Gradient nonlinearity correction for Siemens: Best practices for HCP pipelines vs fMRIPrep

Summary of what happened:

We’re preparing preprocessing for a dataset (Siemens 3T) and want to clarify how to handle gradient nonlinearity correction across HCP Pipelines and fMRIPrep before implementation.

Setup

  • Siemens 3T (non-Connectom) scanner
  • Outputs both T1w (gradient-corrected) and T1w_ND (uncorrected) images
  • Have access to coeff.grad file

Questions

  1. HCP Pipelines
  • When using T1w_ND + coeff.grad, how much improvement should we expect on a standard 3T system compared to using the pre-corrected T1w with GradientDistortionCoeffs=“NONE”?

  • Does the pipeline also apply gradient correction to functional, diffusion, and field map data when a coeff.grad file is provided? How do I know if our scanner corrects for those files (if needed) by default?

  1. fMRIPrep
  • Does fMRIPrep support or use gradient coefficient files?
  • If only T1w is corrected, could this cause any issues with uncorrected functional data?
  • Are field maps affected by gradient distortion, and if so, does fMRIPrep account for this?

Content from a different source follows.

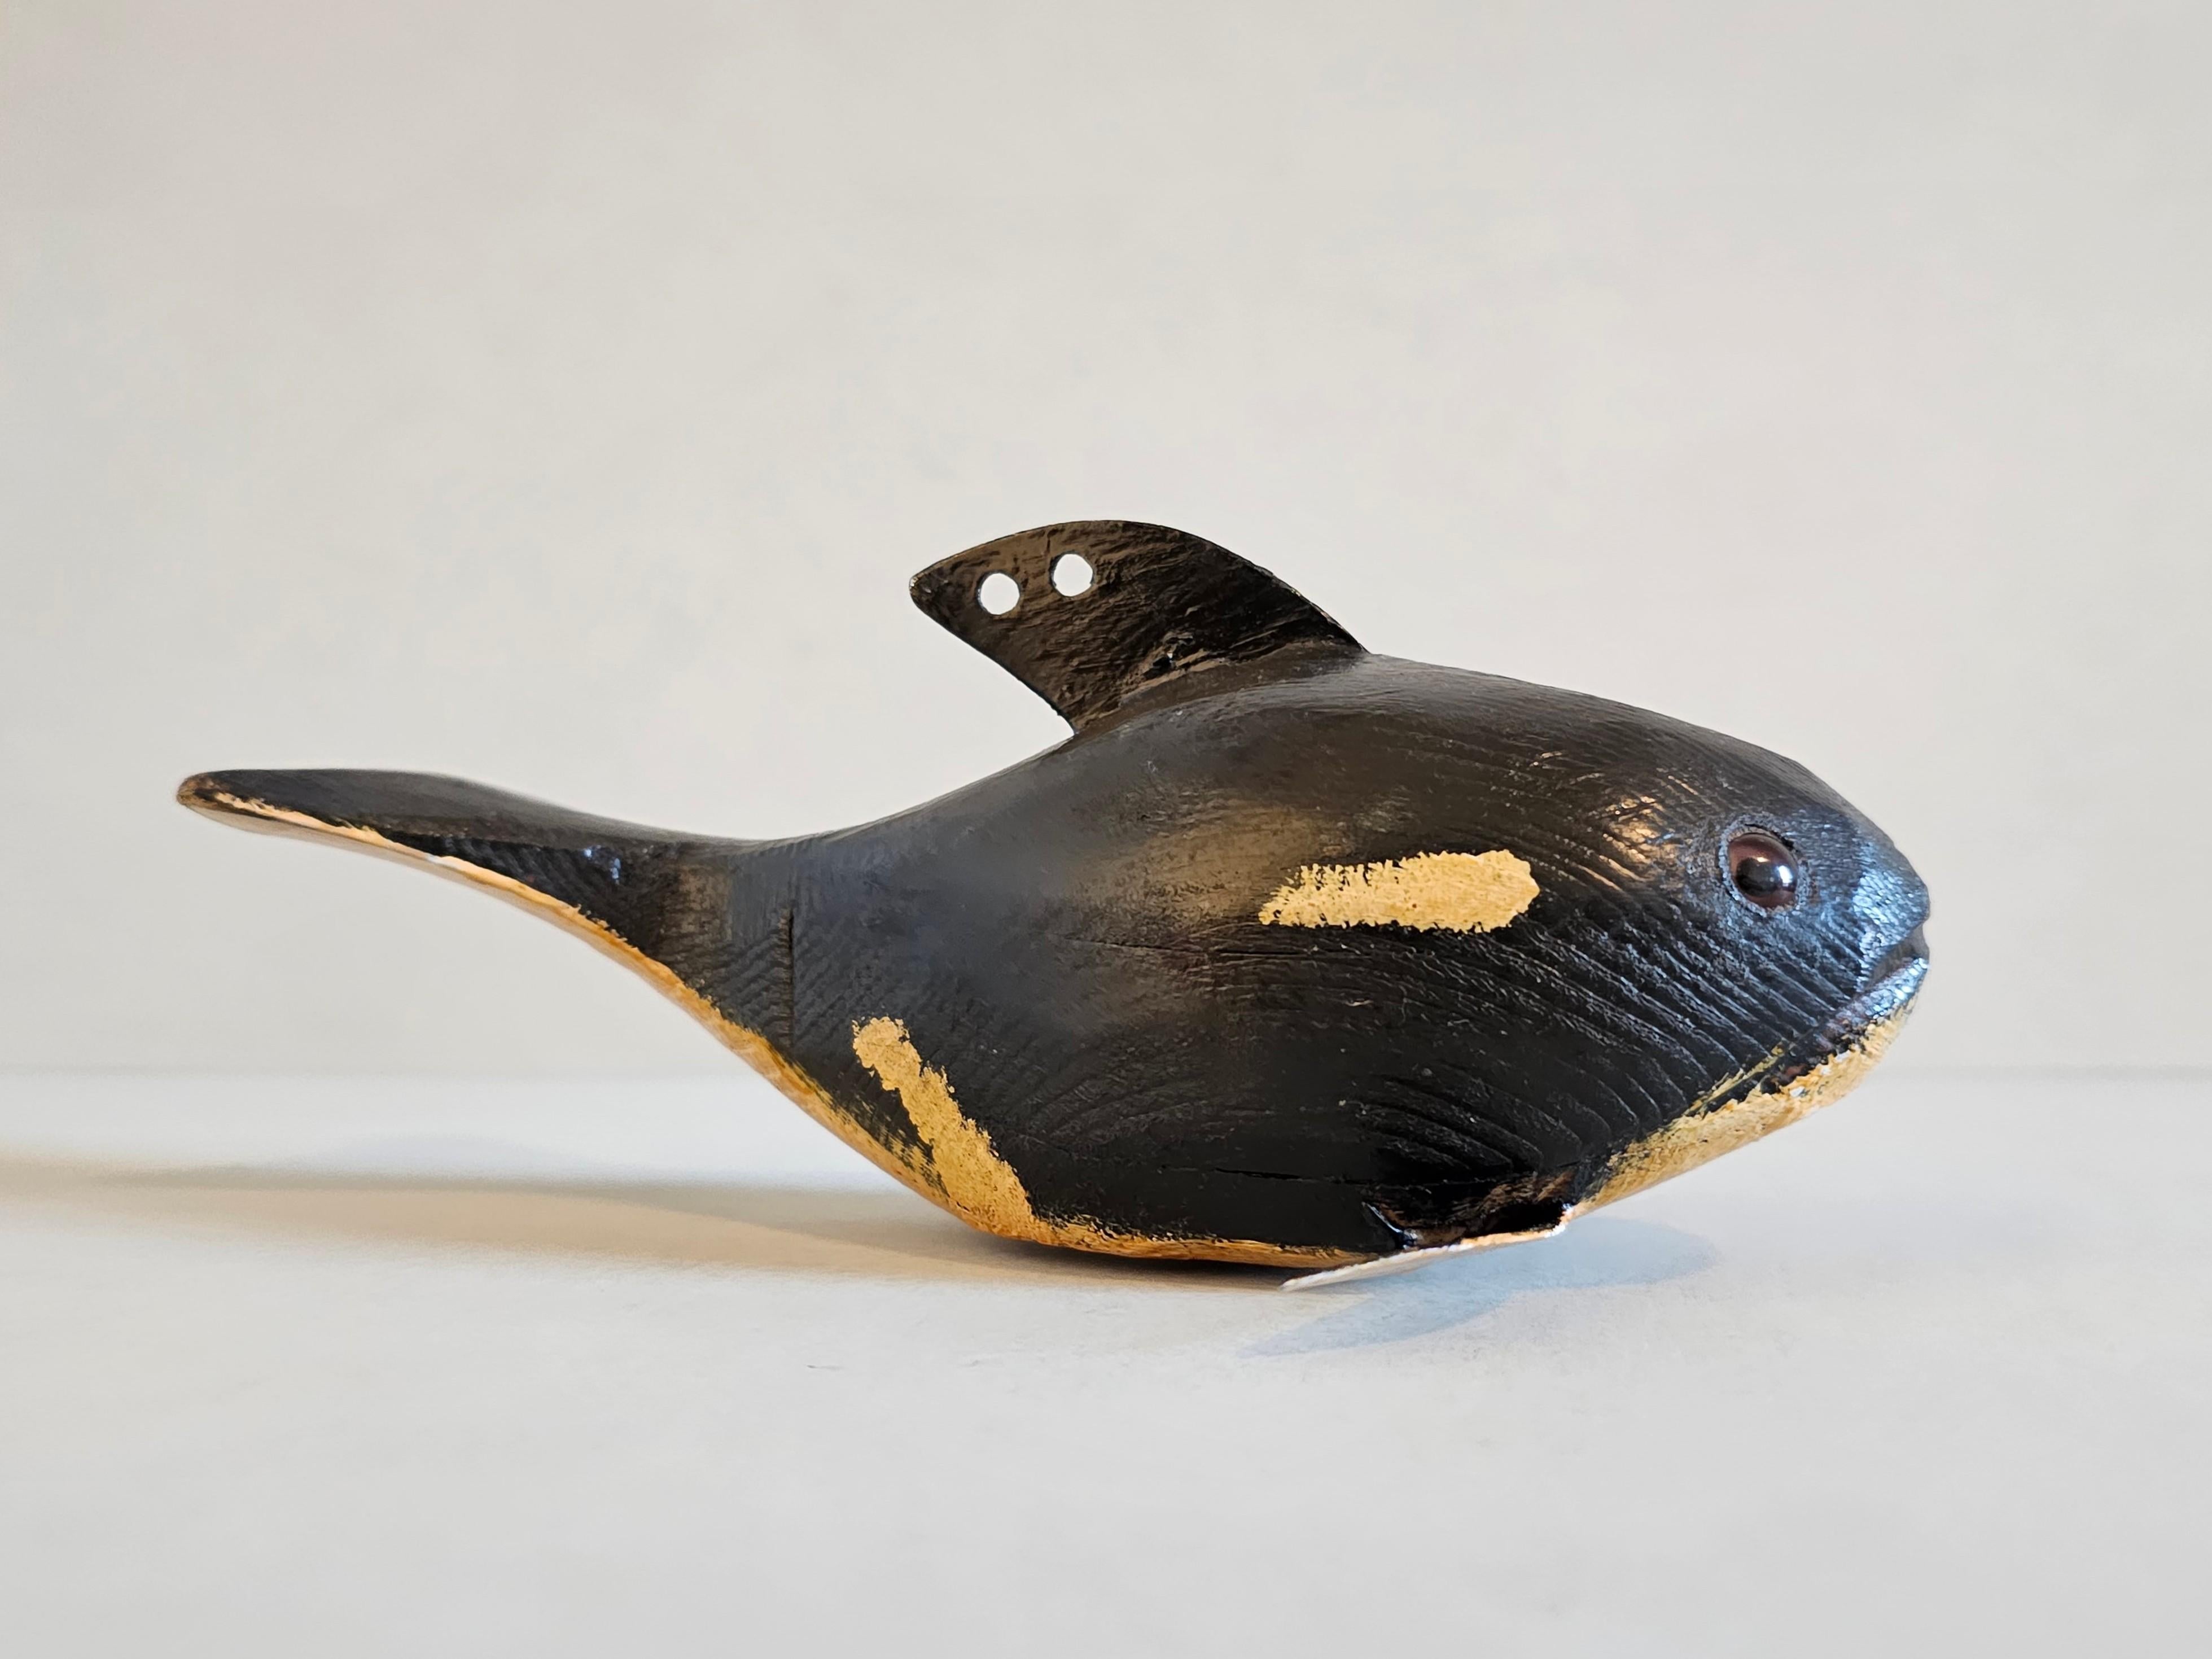 A scarce early Duluth Fish Decoy American folk art sculpture, depicting a Orca killer whale, hand-carved by the late David Earl Perkins (Duluth, Minnesota, 1934-2018), featuring the realistic original hand-painted black finish with cream white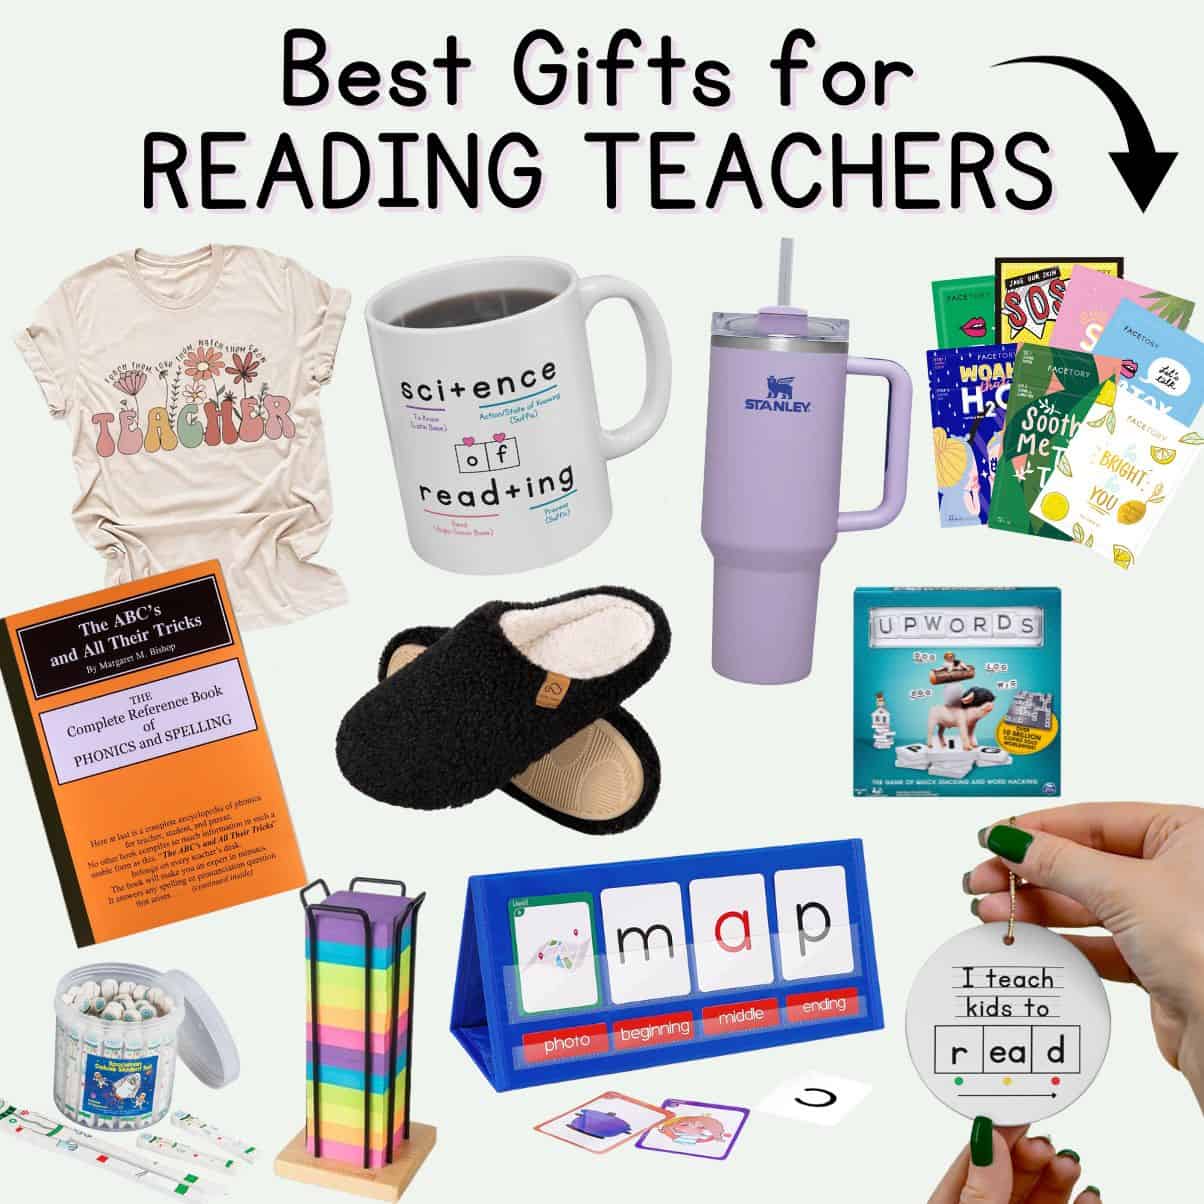 Graphic with a collage of images of gifts that reading teachers would enjoy.

Currently fMRIPrep does not perform gradient nonlinearity correction. There are open efforts to handle this, but they are not comprehensive. For example, nobody has started working on fieldmaps, if they require it. I would assume they do, but I’ve been wrong before.

If you would like to process gradient unwarped data, you need to unwarp it prior to passing it to fMRIPrep, as of version 25.2 (and earlier).

I can’t say when (or if) that will change, but it would be a good practice to ensure that NonlinearGradientCorrection is accurately set in all input files. If we support correction, it will be important to be able to identify from metadata which files it should or should not be applied to. We will also set that field in output files to indicate that the file has been corrected.